Des leviers concrets à la portée des fondations
Heureusement, améliorer le bien-être au travail ne nécessite pas forcément des budgets colossaux. Des solutions concrètes et fiscalement avantageuses existent pour soutenir le pouvoir d’achat et le quotidien des équipes, même dans des structures à but non lucratif :
- Instaurer une culture de la reconnaissance : Valoriser les petites victoires, célébrer les étapes clés, et surtout, nommer la contribution de chacun à la mission globale.
- Soutenir le pouvoir d’achat avec le titre restaurant Upcoop : Cet avantage social est un levier puissant car il est récurrent, touche tous les salariés quel que soit leur niveau de salaire, et offre un gain de pouvoir d’achat immédiat sans alourdir les charges sociales de la structure.
- Alléger la charge mentale avec le Chèque Emploi Service Universel (CESU) Upcoop : En aidant les salariés à financer la garde d’enfants ou l’aide à domicile, la fondation reconnaît concrètement leurs contraintes personnelles et libère du temps de cerveau disponible.
- Proposer de la flexibilité : Aménager les horaires ou permettre le télétravail quand la mission le permet est un signe fort de confiance.
- Ouvrir des espaces d’écoute : Organiser des temps d’échanges réguliers pour prévenir les risques psychosociaux avant qu’ils ne deviennent critiques.
Conclusion
Les fondations disposent d’un atout que la plupart des entreprises leur envient : des collaborateurs profondément motivés par le sens de leur travail.
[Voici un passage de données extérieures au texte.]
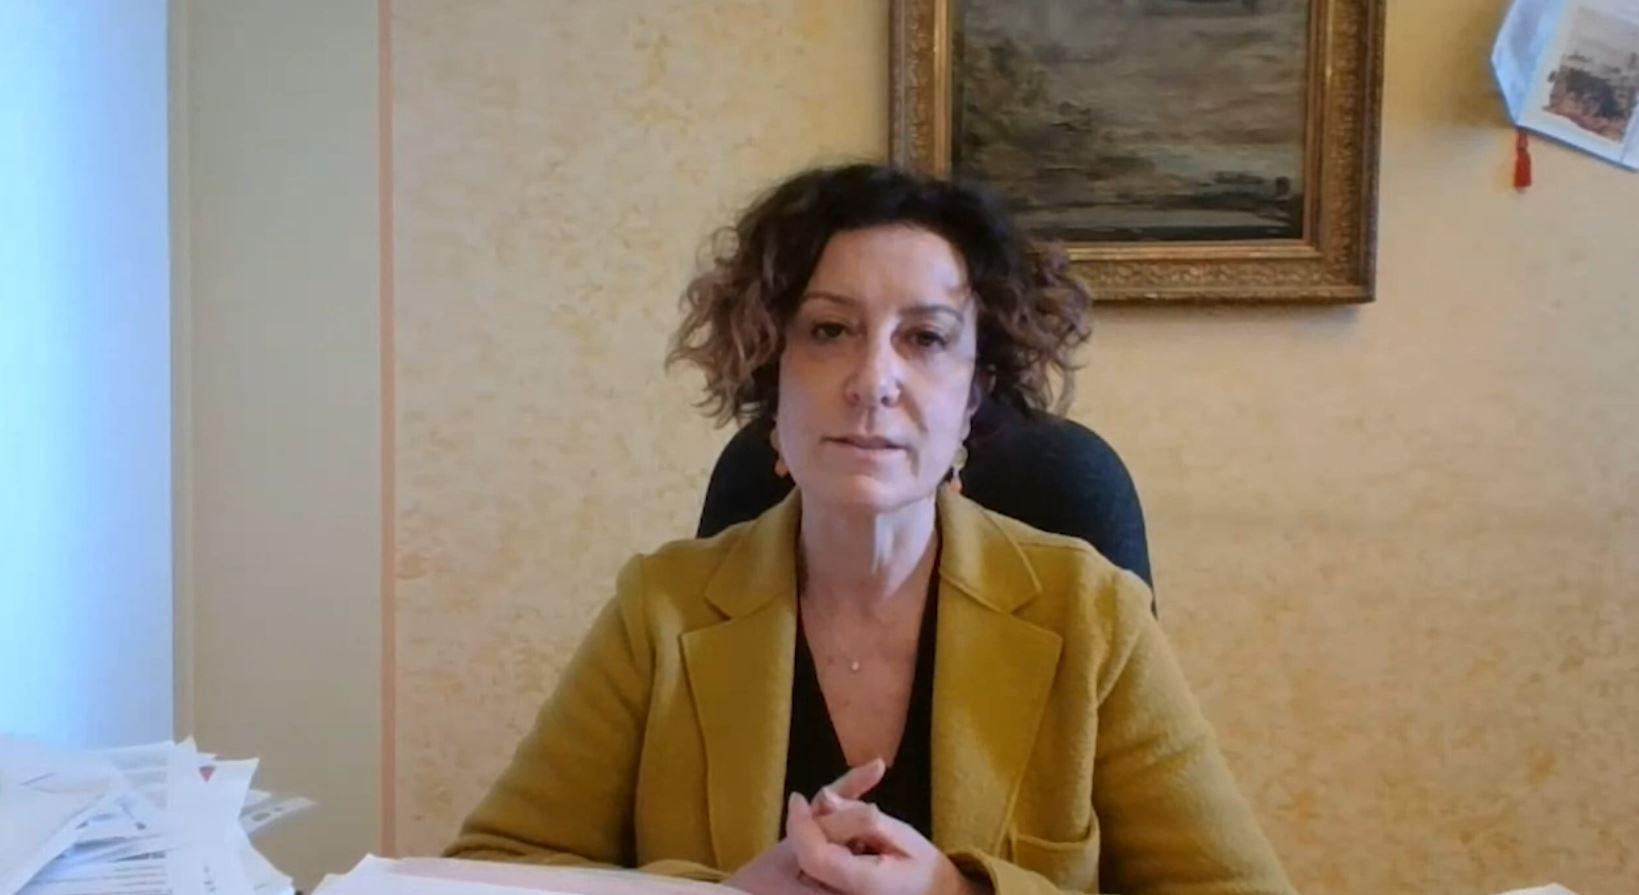 Denise Signorelli, direttrice sanitaria Ulss 9 Scaligera

Leur défi n’est pas de créer l’engagement, mais de le rendre durable. En alliant une culture de la mission forte à des avantages sociaux pragmatiques comme le titre-restaurant ou le CESU, les fondations ne font pas que du « social » pour leurs salariés : elles investissent dans la pérennité de leur action. Car pour bien prendre soin des autres, il faut d’abord être en capacité de prendre soin des siens.
Sources : Recherches & Solidarités, Baromètre QVT Harmonie Mutuelle ESS (2022), Livre blanc du travail social (2023), Cairn.info, economie.gouv.fr.